= Sa'eu Scanlan =

American Samoan educator

Sa'euteuga Le'au Scanlan (born 21 March 1937) is an educator in American Samoa. Beginning in 1979 she served for over a decade as president of American Samoa Community College, the territory's only institution of higher education, becoming the first Samoan to achieve such a position in the region.

==Early life and education==
Sa'euteuga Le'au Scanlan, known as Sa'eu, was born in 1937 in the American Samoan village of Fagatogo. She was the fourth of twelve children born to her parents Saipele S. Le'au and Suluama Lea'ai.

Scanlan traveled to the U.S. mainland to study at San Francisco State College (now San Francisco State University), where she graduated with a bachelor's degree.
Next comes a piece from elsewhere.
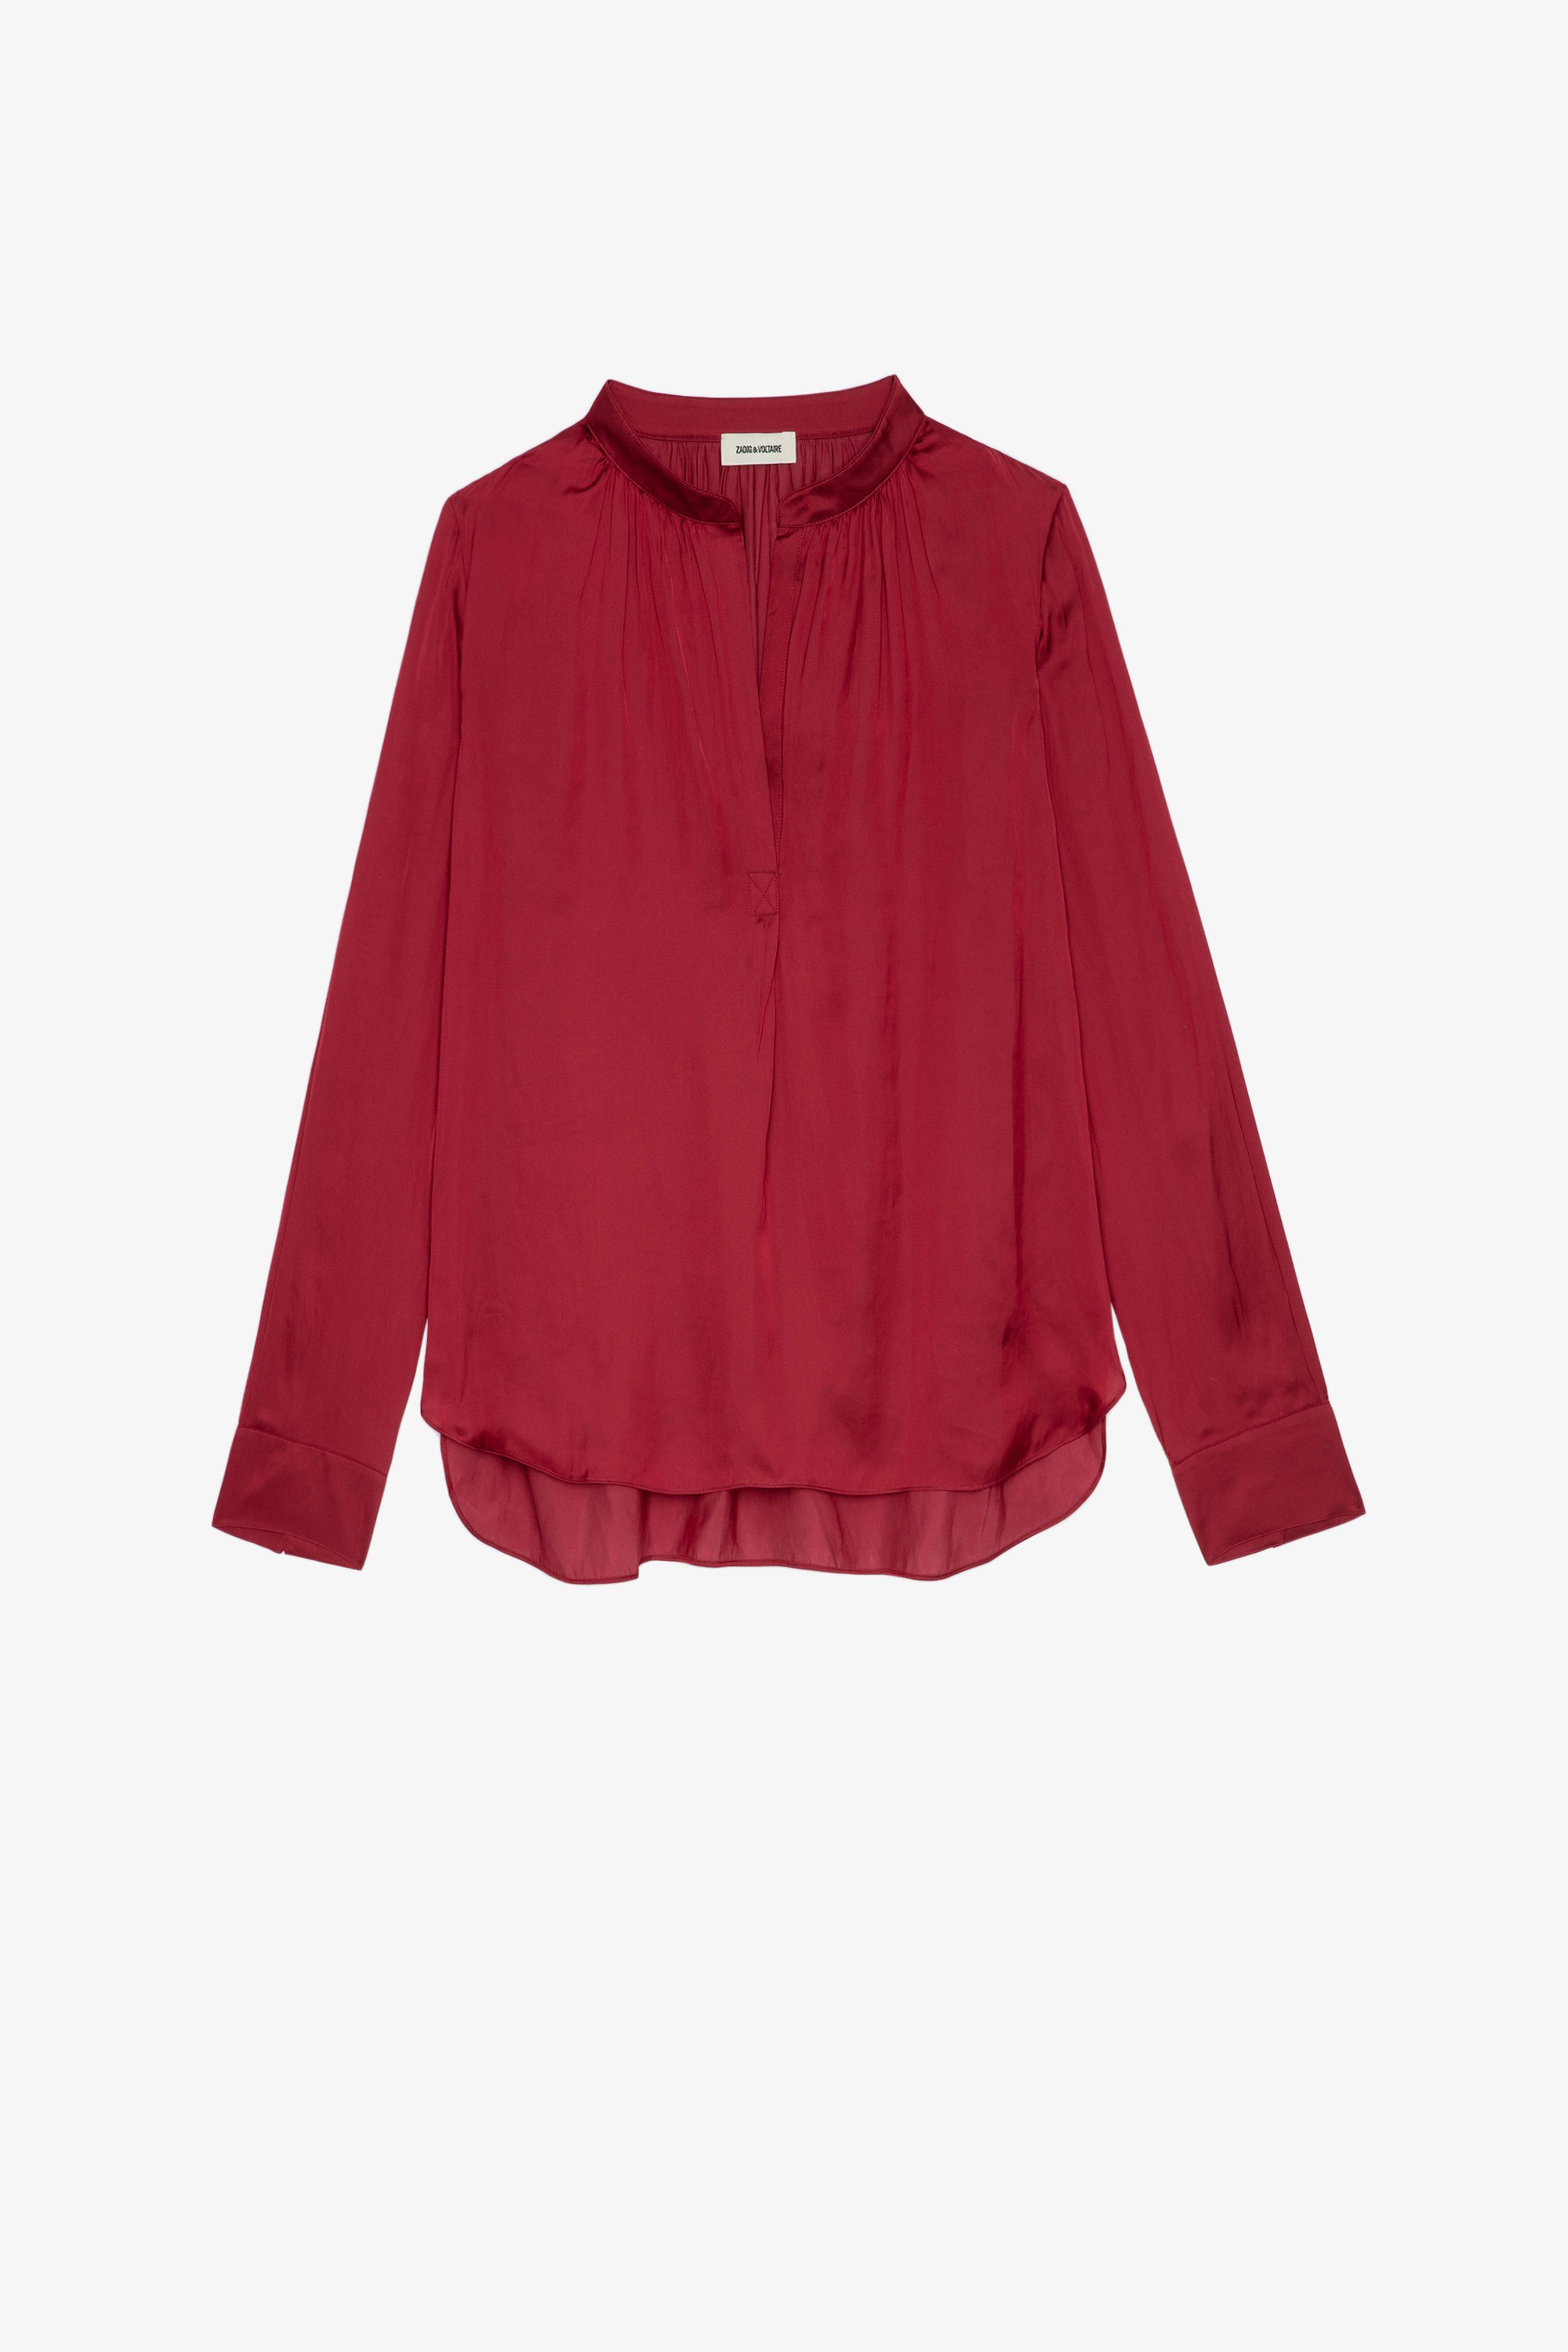 Tink Satin トップス Women’s red satiny blouse with open collar

After teaching in American Samoa for several years, she left again to obtain a master's degree at the University of Hawaiʻi. This was followed by a Ph.D. from Brigham Young University in 1975.

==Career==
In 1970, Scanlan helped launch American Samoa Community College, which remains the territory's only tertiary education institution. After obtaining her doctorate, she returned to American Samoa and became a dean at the community college, then the school's vice president in 1978. The following year, she was promoted to president of American Samoa Community College, the third president in the school's history. Not only was she the first Samoan to serve as president of that college, but a 1987 profile also identified her as "the first Samoan to rise to that level in higher education in the Pacific territories." She remained as president throughout a formative period for the community college, until the mid-1990s.

Scanlan also served for a period as president of the American Samoa National Women's Association after its founding in the 1980s.

==Personal life==
Sa'eu was married to the businessman High Chief Fanene Morris Scanlan, with whom she had two children, from 1961 until his death in 2018.